South Africa’s business exit rate decreased from 6.0% in 2017 to 4.9% in 2019, but is still higher than the established business rate of 3.5%. This confirms that more businesses are being closed down, sold or otherwise discontinued than being started.
There is clear evidence of purpose-driven entrepreneurship taking hold at a grassroots level – an encouraging sign of a collective will for future business sustainability.
Changing gears, moving forward
Moving from startup to scale requires the right support from the government and the private sector alike. The report calls for interventions in terms of government policies and initiatives, market openness, entrepreneurship education and training, and the availability of and access to finance to foster entrepreneurship.
Bowmaker-Falconer said: “Government is an enabler and fully supports and understands the importance of entrepreneurial development for inclusive economic growth and social cohesion.”
“The Department of Small Business Development (DBSD) announced significant new measures before this crisis related to access to funding. These measures include harmonising funding applications across all developmental finance institutions and introducing a blended financing model to reduce financing costs for entrepreneurs,” he pointed out. “Overall, the focus for the government should now be on achieving policy and support initiative alignment priorities.”

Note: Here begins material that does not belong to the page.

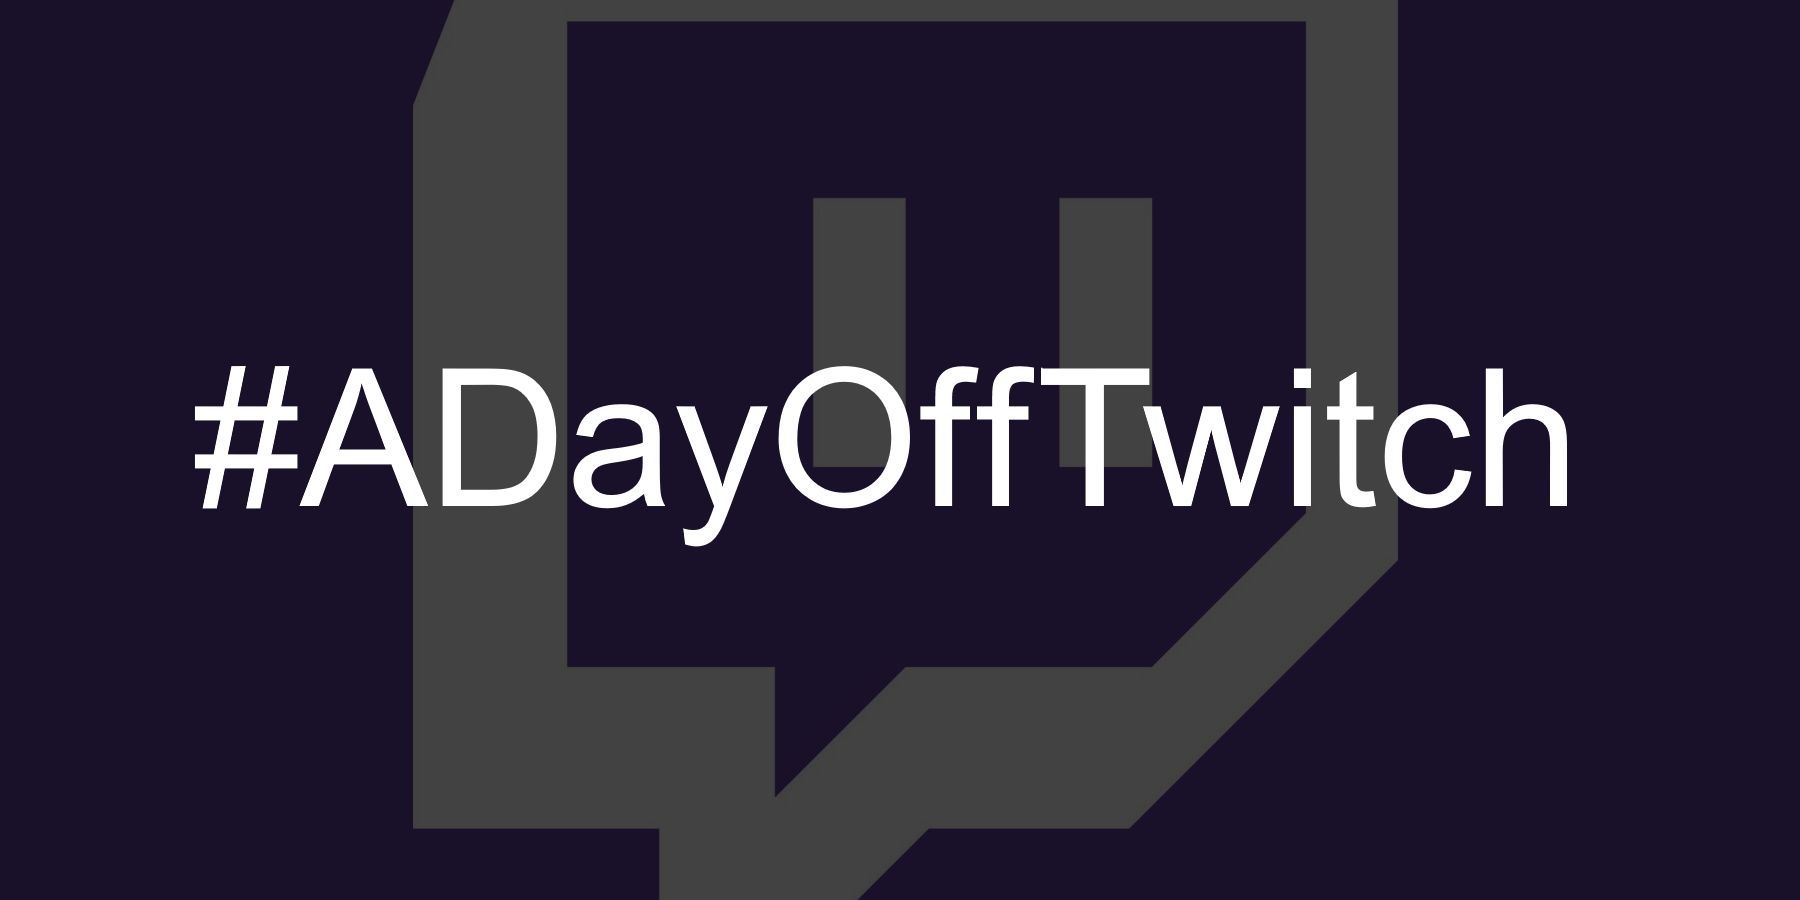 #ADayOffTwitch movement against hate raids on Twitch

The government’s economic stimulus package to help bridge COVID-19 is significant, and the impact thereof for SMME’s needs to be evaluated and made public. “Big business needs to partner with the government and play their part in opening markets and value chain participation for smaller enterprises,” Bowmaker-Falconer explained.“Financiers, together with incubators and accelerators, need to help better prepare and educate entrepreneurs on how to pitch their business ideas, how to approach funders and to navigate what kind of funding is most appropriate to their specific enterprise. What is very clear is that a cohesive and collective response is needed to ignite economic development and social cohesion potential beyond this crisis we are now in.”
An underlying key requirement for managing South Africa’s economic recovery is data. Integrated and public information is critical in understanding and planning how best to stimulate and support the entrepreneurial ecosystem going forward.
Furthermore, there is also a need for more intense entrepreneurial education to engage with the opportunities offered by the fourth industrial revolution (4IR).
As the sponsor of the study, Seda will now facilitate the implementation of the recommendations across the broader small enterprise development support system with its partners. One of the areas currently being pursued by Seda is identifying partners who can enhance its service offerings in research.
Bowmaker-Falconer emphasised that: “Entrepreneurship matters. Now, more than ever, start-ups, and specifically those driven by young entrepreneurs and women need to deliver the innovation required to move us forward in a highly disruptive (and disrupted) world.”